Around nightfall, a very friendly Ranger Rick type came around to each site with a schedule of the evening's events. At 7 they were having a program called "Horns and Antlers and the Critters That Wear Them." I was chatting with the Germans when Ranger Rick came over to tell them the schedule. Their English wasn't so hot. Hubert nodded and smiled at the ranger. "Horns and antlers, wunderbar," I imagined him thinking.

The Germans' front tire was bare, and they had a new one waiting in Salt Lake City, a 772-mile ride. I hope they made it. Talking to them, I was reminded of the couple of longer trips I've taken. That's what motorcycling is about for me--the trips with no set end point that last a month or two and give you time to think crazy thoughts like, "What am I doing at 4 in the morning on a Tuesday on a dirt road in the middle of Alabama? What am I doing with my life? Are those headlights behind me? Is that a banjo I hear?"

All the menace and adventure have gone out of motorcycling, replaced by fat flag-waving, Jesus-loving assholes who prefer a safe version of two-wheeled rebellion that even my grandmother approves of. Now, I don't think we should all be outlaws, but why do so many "bikers" seek the warm serenity of the rally and the toy run over the balls-out marathon adventure ride? Why do you see so many bikes parked outside bars on beautiful riding days? Why don't we see more Huberts and Kerstins traversing America? Perhaps adventure has gone out of style. It's about a safe version of rebellion now.

Sun Ray may be taking his wife Kirsti's last name (he is, after all, a gentleman and a Francophile), but I hope he doesn't get rid of the bike. We can't be astronauts or superheroes. But we can defy death at a high rate of speed. All it takes is time spent apart from life's little comforts, good tires and twisting blacktop.

Friday, May 1, 2009

The Ex-Con of Carlsbad


Ozona, TX--I met Chopper at the first motel I stopped at on my way to Florida. It was early September 2008. He was just kicking around the country for a few months, as he does every summer, on his hand-built Harley. He'd gotten stuck in the same storm in Texas that I had, my first day on the road, and we decided to ride together.

I was clued in to Chopper's philosophical leanings at our first gas stop on the way out of town when he told the cashier to "have a blessed day, praise God."
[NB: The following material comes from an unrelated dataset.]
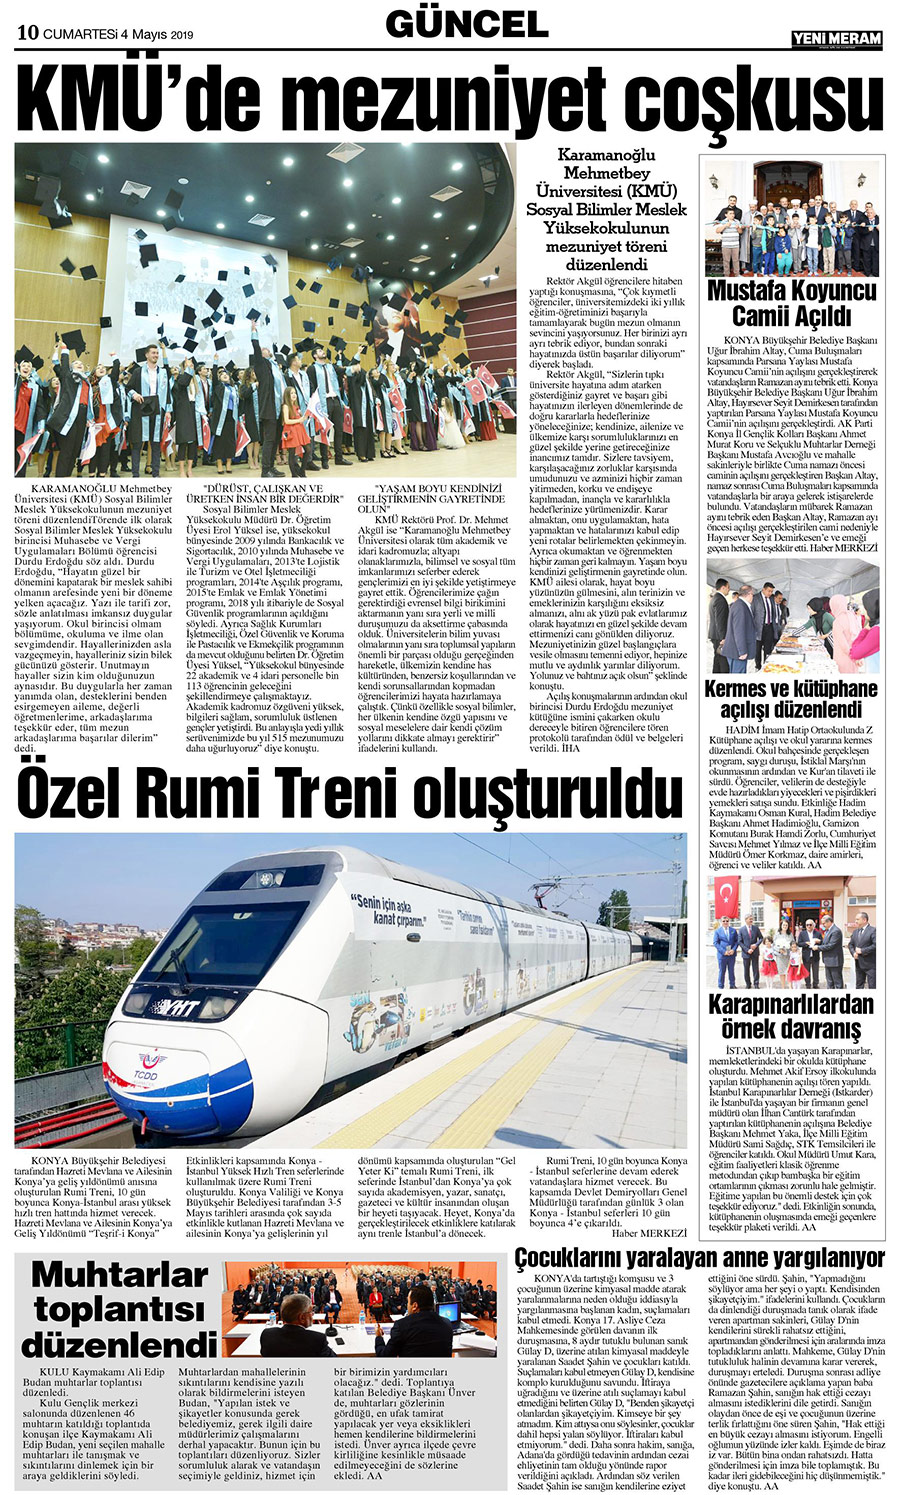 4 Mayıs 2019 Yeni Meram Gazetesi

Chopper was on his way back to New Jersey after three months on the road. He was a cripple who walked with a cane, an ex-con who owned property in Carlsbad and had spent a couple of years in the pokey there for an ambiguous offense that had something to do with assaulting a cop. I think. He was also possibly the world's strongest man. This born-again evangelical Christian, who was also an ex-outlaw biker, competed in strongman competitions and was set to break a world bench-press record at an event in Las Vegas that November. He told me over a camp fire one night that when he was younger and meaner he would lift Japanese motorcycles he disagreed with over his head and into Dumpsters.

We spent a week on the road together, riding 800 miles in one day to stay ahead of Hurricane Ike and looking for a campground at 4 in the morning in the middle of Alabama.